HT: Tyler Cowen for the link to the Voice.

3 comments:

Anonymous said...

there are basically two relevant facts about the music industry:
1) it is heavily subject to the Matthew Effect so there are real advantages to getting to #1

2) piracy has transformed the industry
2a) an extremely low price point in a downloadable format should make the album more competitive with piracy. likewise the low price point can be understood as a publicity stunt which will further drive sales, much like the tip jar experiments of Radiohead, etc.
2b) these days album sales are a loss-leader for other revenue streams (mostly concerts). this is the exact opposite of the late-1960s through mid-1990s situation when an artist would go on tour to "support the record"

Jay Livingston said...

A low download price reducing piracy fits with the idea that if you lower the price of something (in this case, honesty), more people will do it, and conversely, raise the price of honesty, and you get less of it.

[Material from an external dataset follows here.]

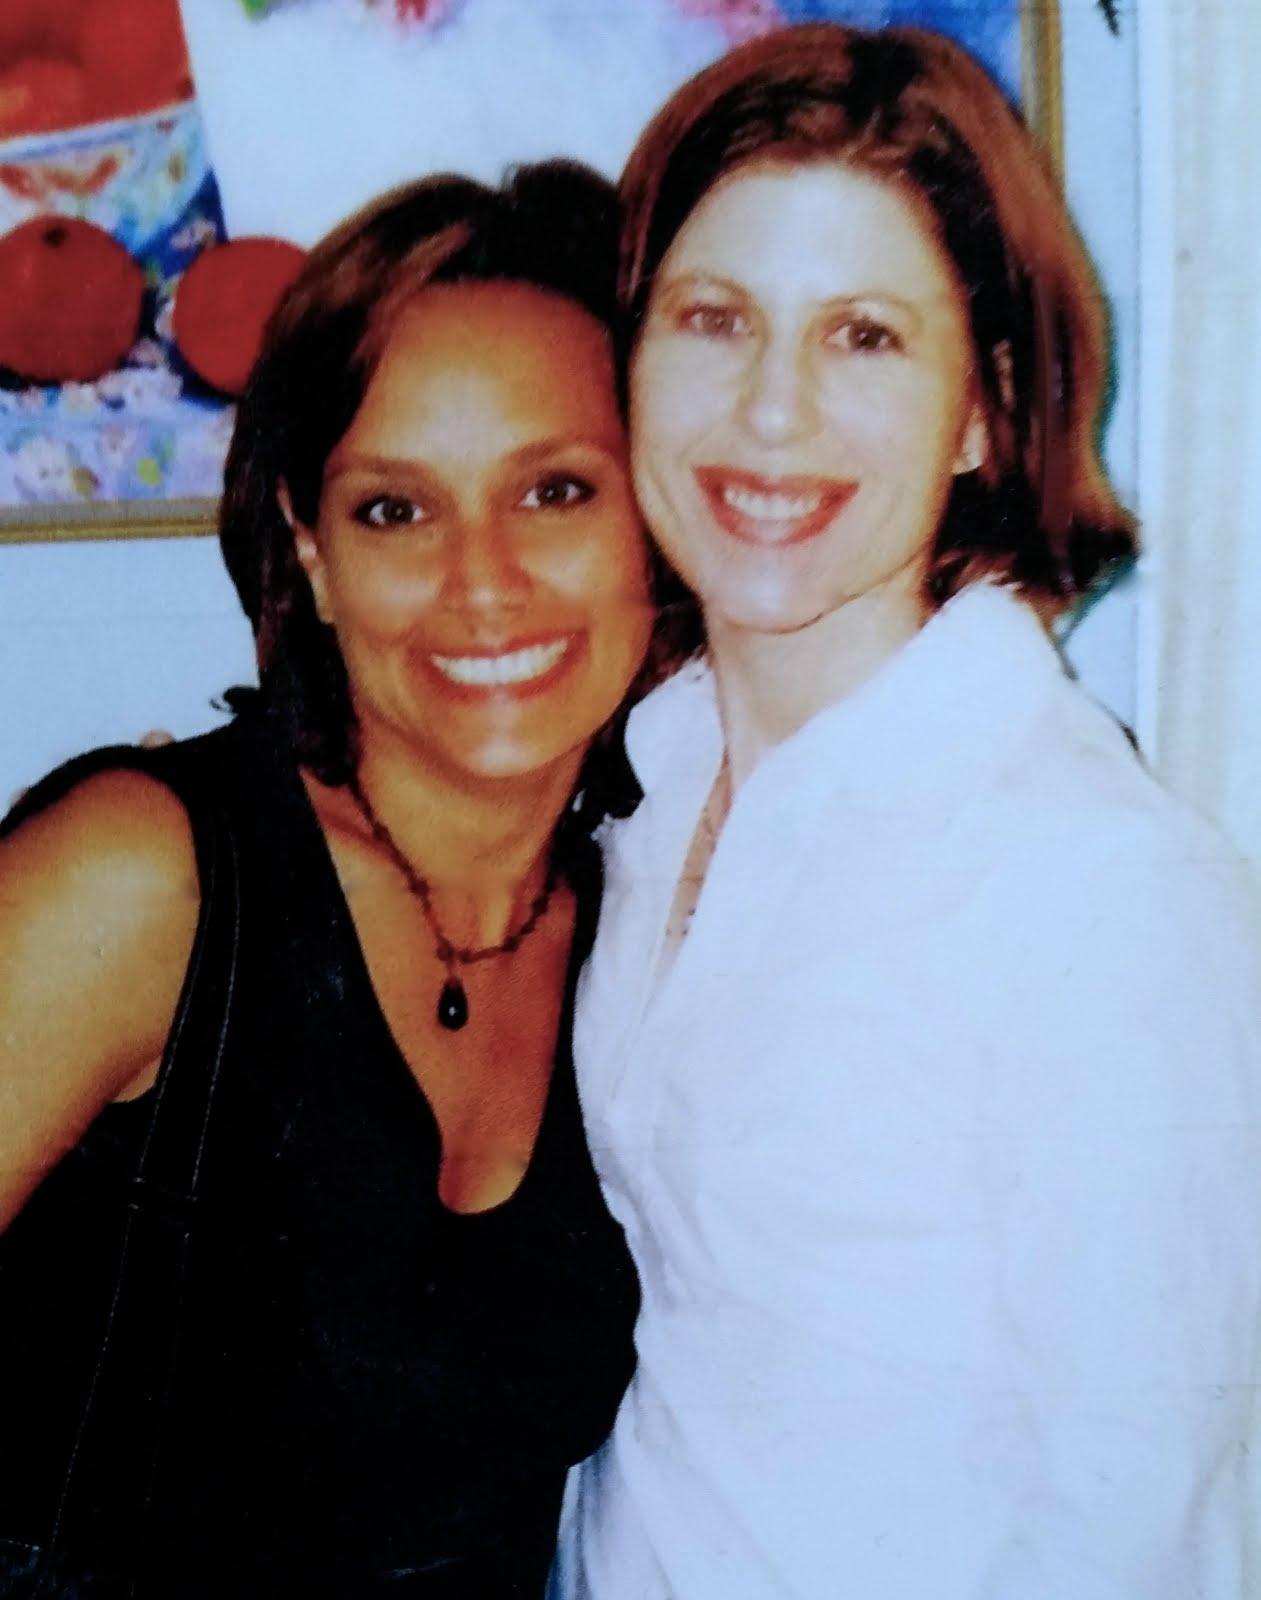 Kristin & Me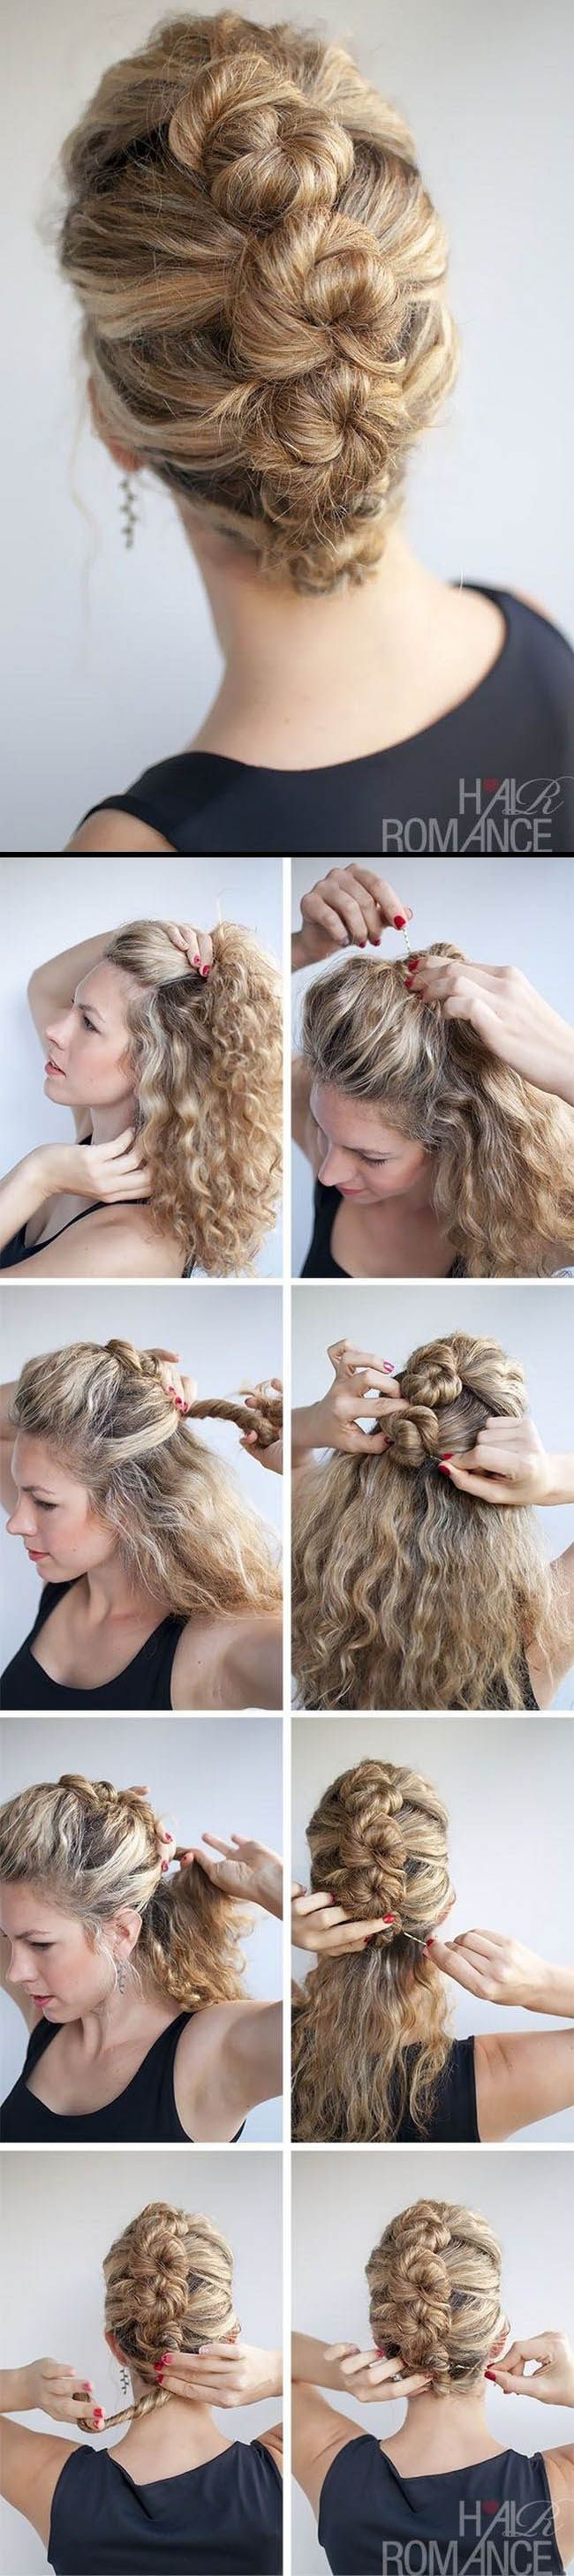 penteados-simples-133

Is there any way to estimate the number of illegal downloads? It would be interesting to compare illegal downloads before and after the Kanye price went up $1. Or to look at numbers of legal and illegal downloads for other albums or songs.

maxliving said...

I don't know how accurate torrent trackers are, but The Pirate Bay lists Kanye's new album as having 7256 seeders, and Taylor Swifts as having 1373. I suspect a lot of this difference can be explained by the fact that Swift's is a month older (none of Kanye's other albums break 500 seeders).